4) Using data for good
Finally, O’Neil expresses her frustration with the fact that sophisticated mathematical models can be used to improve society, but such deployment is not common because it would threaten entrenched powers. For example, she notes that prisons collect massive amounts of data on incarcerated persons, yet this information is not used to tackle questions like: what are the impacts of solitary confinement, what are effective tools for combatting sexual assault in prison, and what types of prison experiences (big or small) effectively reduce recidivism. Data that could be used to address issues like these are either not held in a usable format, or are purposely withheld from researchers. According to O’Neil, prison administrators “use data to justify the workings of the system but not to question or improve the system.”
Food for thought
I found Weapons of Math Destruction to be a good read because it provides an expert’s insight into how WMDs impact all of us. But this is a huge topic, and at roughly 200 pages, O’Neil’s book can’t cover all the ground, particularly in regards to criminal justice. There are many topics that remain lurking in the background, including three that come immediately to my mind.
First is the proliferation of data sources that can potentially feed WMDs. When discussing criminal-justice WMDs, O’Neil frequently mentions data comprised of arrest records, court records, and other public documents, but doesn’t explore the growth of “alternative” datasets that could be sucked up into risk-scoring algorithms. There is cause to worry on this front. In a report that I wrote for the Prison Policy Initiative last year, I noted that some prisons are embracing electronic messaging as an alternative to mailed correspondence to and from incarcerated persons. These services are typically operated by private contractors that provide users with little or no privacy protections. This raises the all-to-real possibility that years’ worth of correspondence between an incarcerated person and their family could be used as data in a risk-scoring WMD. As another example, the federal Bureau of Prisons is trying to weaken financial privacy protections so that it can collect banking information on people who send money to people in prison (the Prison Policy Initiative and other groups have formally opposed this move, and BOP has not yet finalized the draft rule).

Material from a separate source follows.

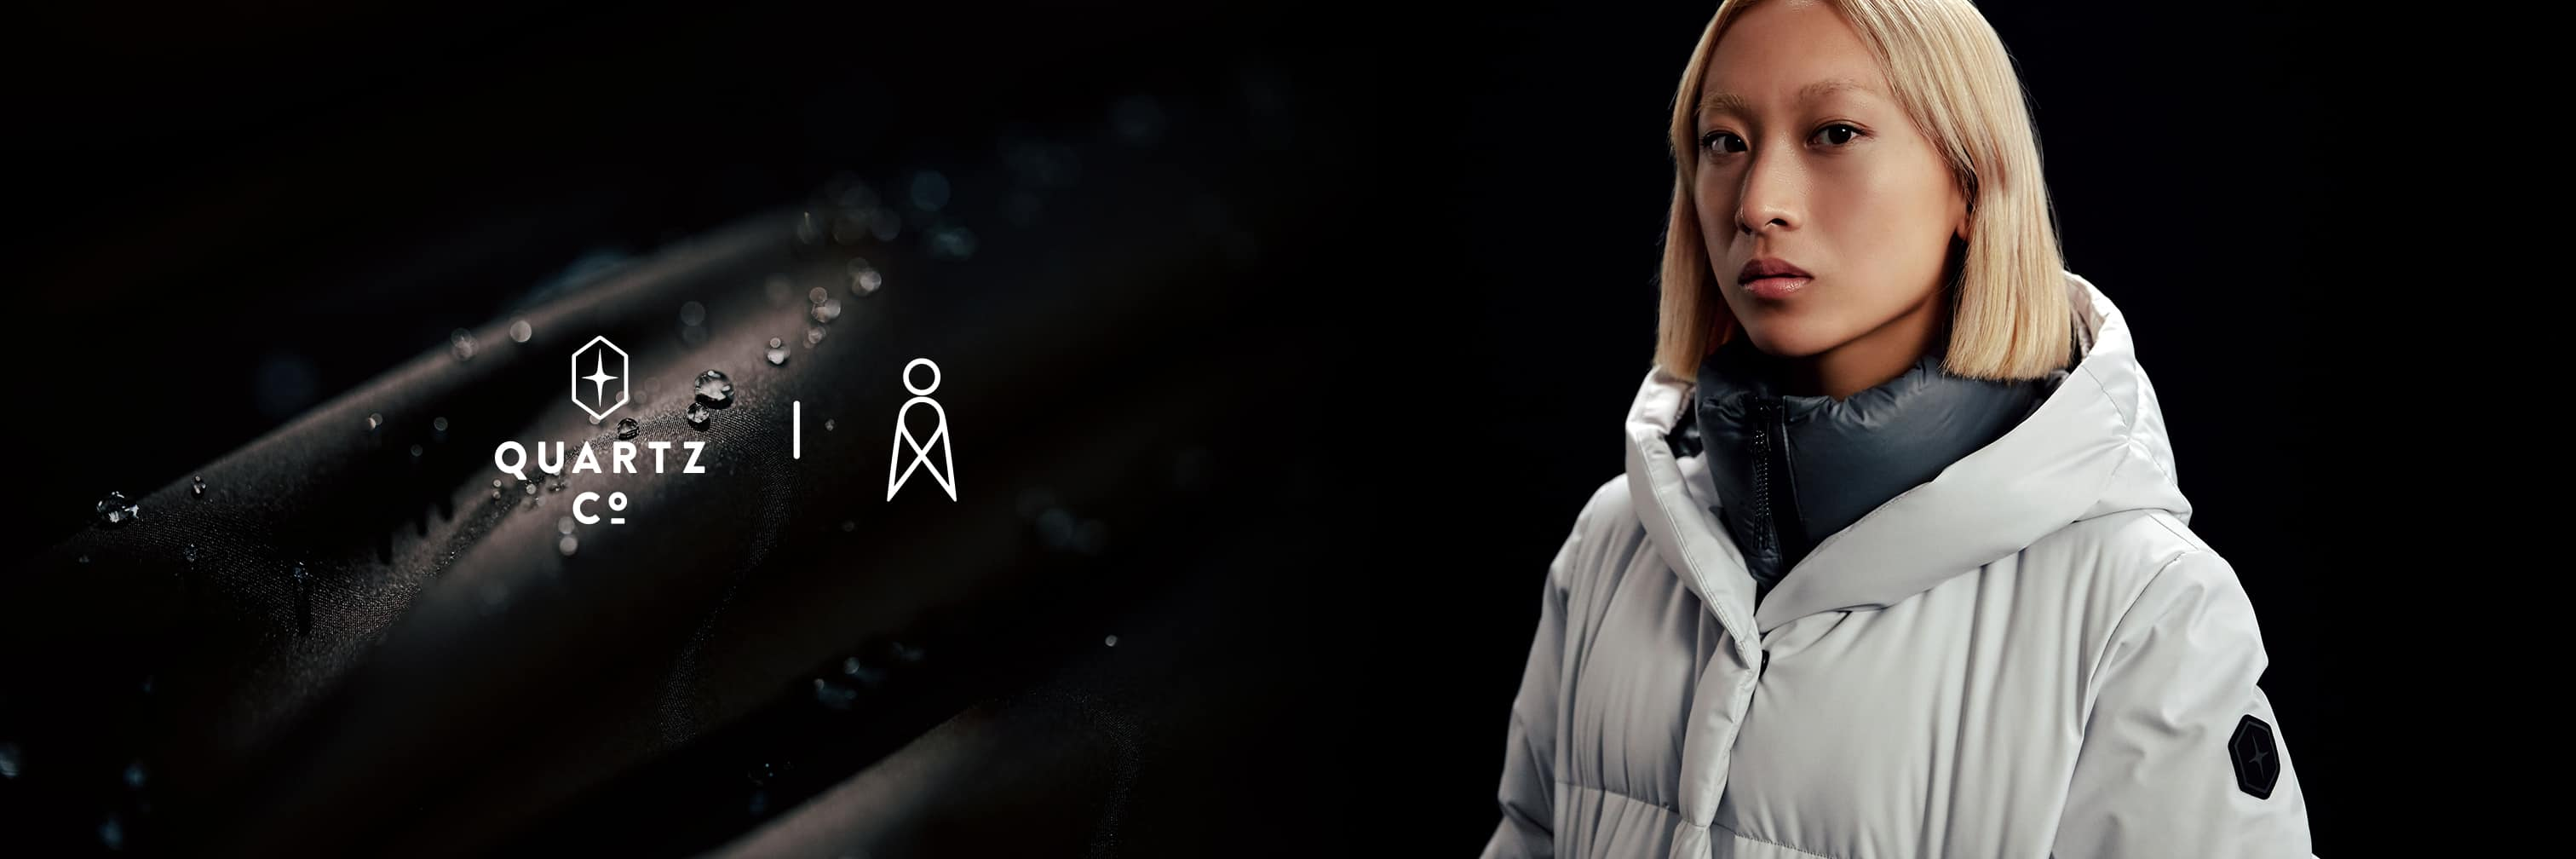 City, Meet the Outdoors: Introducing the Altitude Sports X Quartz Co. Elsa Women's Parka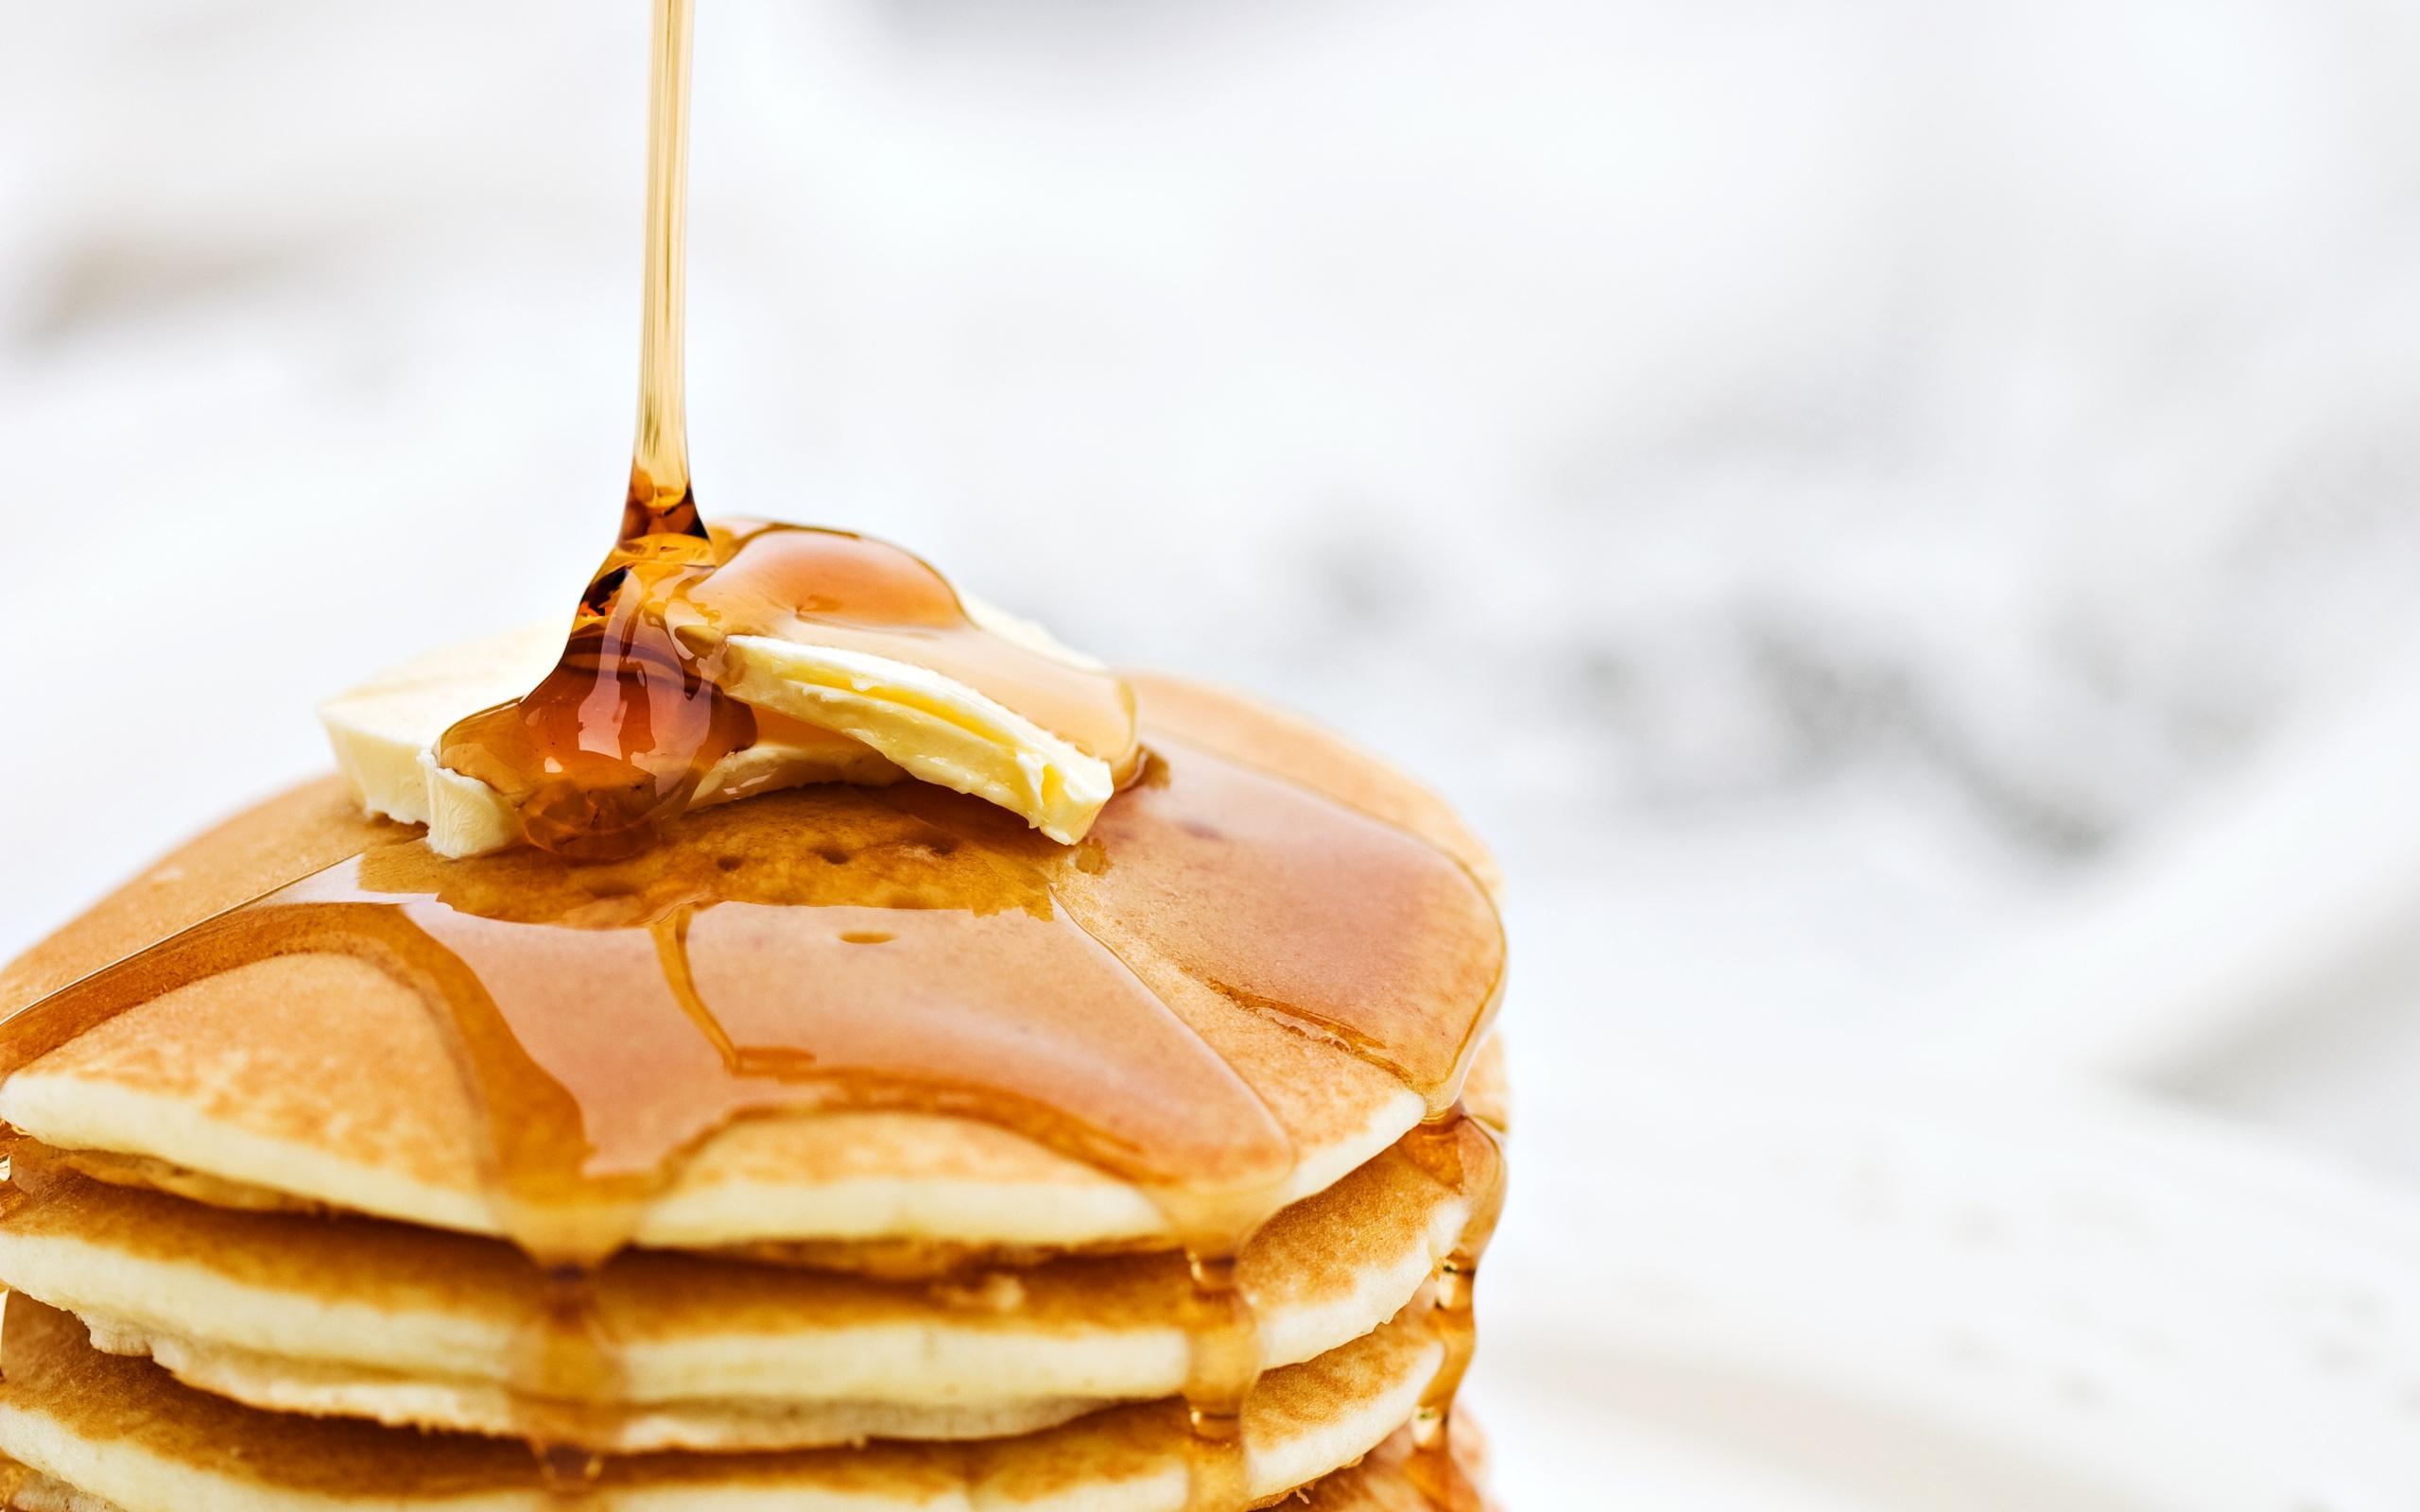 Awesome Pancakes Wallpaper

Second, the ease with which data travels can mean that it’s harder for formerly-incarcerated people to escape the stigma attached to a criminal record. As more businesses and government agencies rely on WMDs to automate decision-making, criminal records will inevitably flow through more databases, thus ensuring an ever widening net that prevents formerly incarcerated people from meaningfully participating in economic, civic, and social life. Communities must start discussing fair ways to honor public access to information without condemning formerly incarcerated people to a permanent diminished tier of citizenship.
Finally, there is the fact that opaque and unfair WMDs developed in the criminal justice system today are likely to be applied to society-at-large tomorrow. News reports recently indicated that about half of the adult population of the U.S. is unwittingly contained in an FBI facial-recognition database that has a reported 15% inaccuracy rate (and is far more likely to misidentify Black people). While we can expect to see more expansion of such systems, the real question is where this leads: will experiments such as the FBI’s catalyze a thoughtful discussion of privacy, fairness, and expectations about risk; or, will they hasten a Minority Report-style society where people are punished because they might commit a crime in the future?